Rebecca LaBrunerie, a Microsoft product manager for worldwide licensing and pricing, didn't dispute Park's comment. However, she did say that Microsoft has pulled back on the number of audits it conducts over the past year. "That doesn't mean that we won't talk with our customers about how many licenses they have," LaBrunerie added.

Jacqueline Woods, vice president of global pricing and licensing strategy at Oracle, said the company has kept the number of customer audits it conducts steady at about 400 annually for the past three years. That works out to less than one-tenth of 1% of Oracle's installed base of 200,000 customers, Woods said. In addition, at least 25% of the audits Oracle does are requested by the customers themselves, she said.

El Segundo, Calif.-based Candle Corp. confirmed that it has become much more aggressive about trying to curb piracy of its software. Since launching a formal program a year ago, Candle has audited more than 1,000 of its 5,000 or so customers, said Steve Gerrity, assistant vice president of contracts and administration.

"We view audits as a cost-effective way to defend our intellectual property," Gerrity said. But he added that Candle has seen an increase of 1% to 2% in revenue as a result of the audit program.

Peter Beruk, director of antipiracy at Network Associates Inc. in Santa Clara, Calif., said the security software vendor has also recently increased the number of compliance-related audits it's conducting.
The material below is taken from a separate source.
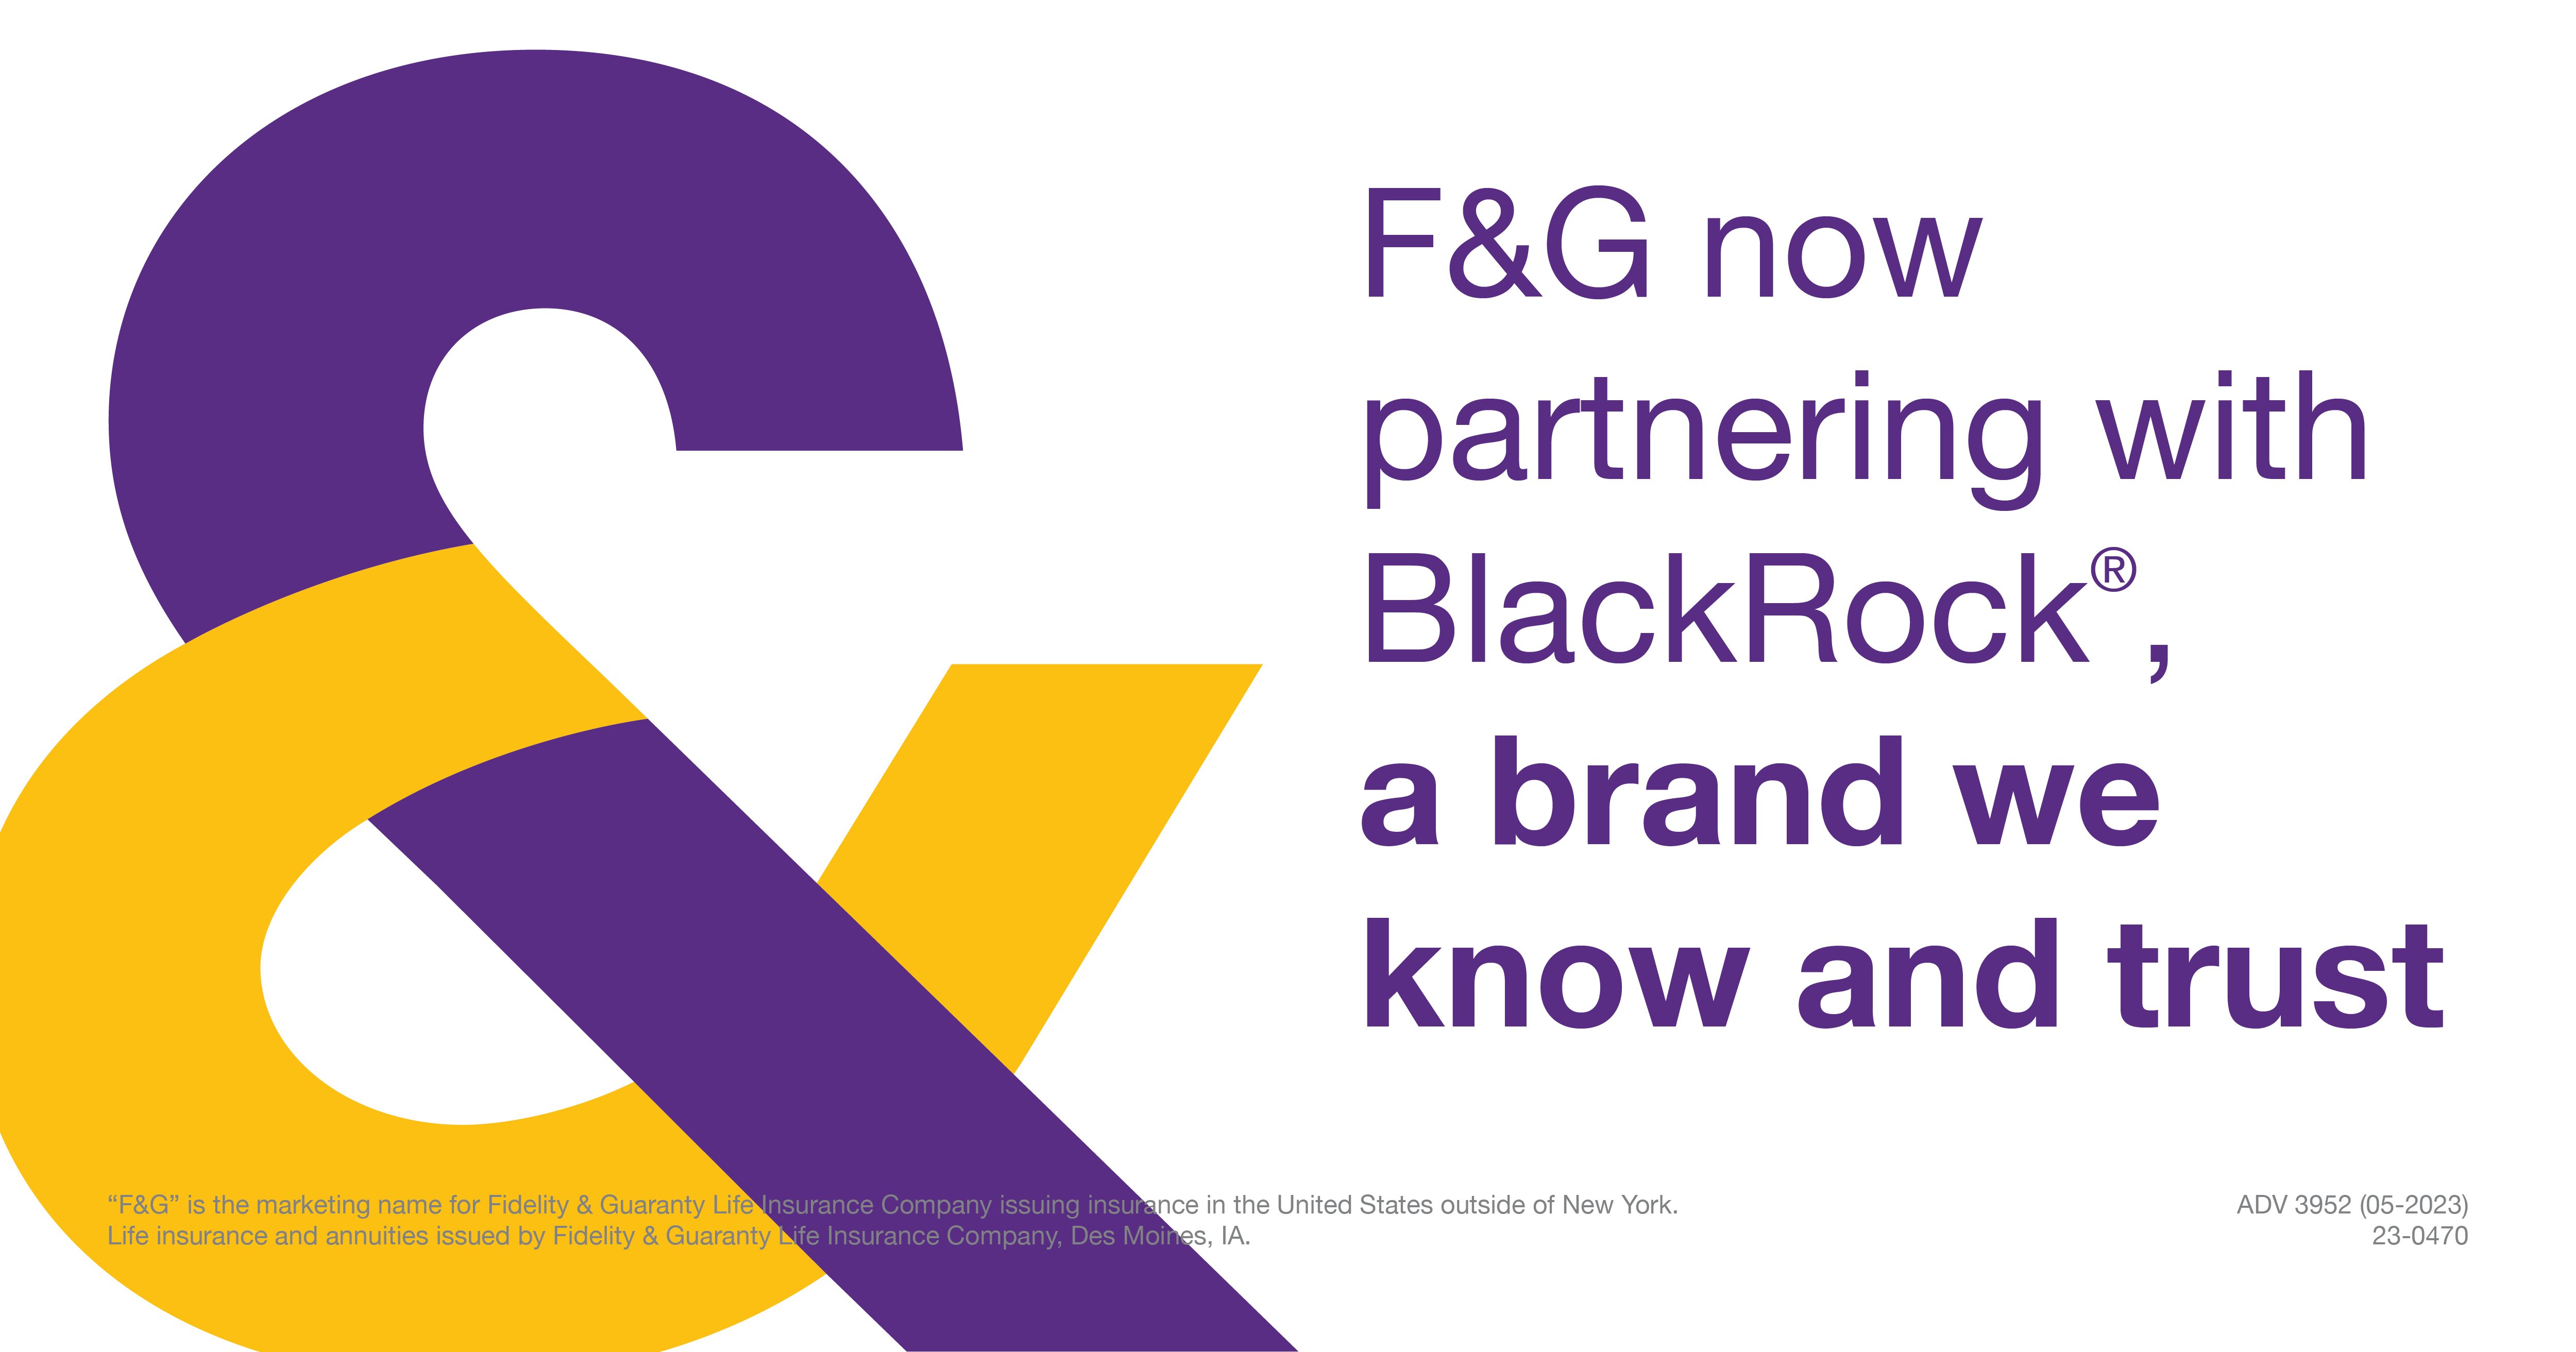 F&G now partnering with BlackRock, a brand we know and trust

But it's "not sending out audit letters to 50 customers a week," he added. "We're doing this more on a case-by-case basis."

Even so, some attendees said the audit threat could hurt user-vendor relationships. "It's like the vendor is saying, 'We don't trust you,' " said Pat Kitchen, director of IT administration and coordination at Pactiv Corp., a Lake Forest, Ill.-based packaging manufacturer.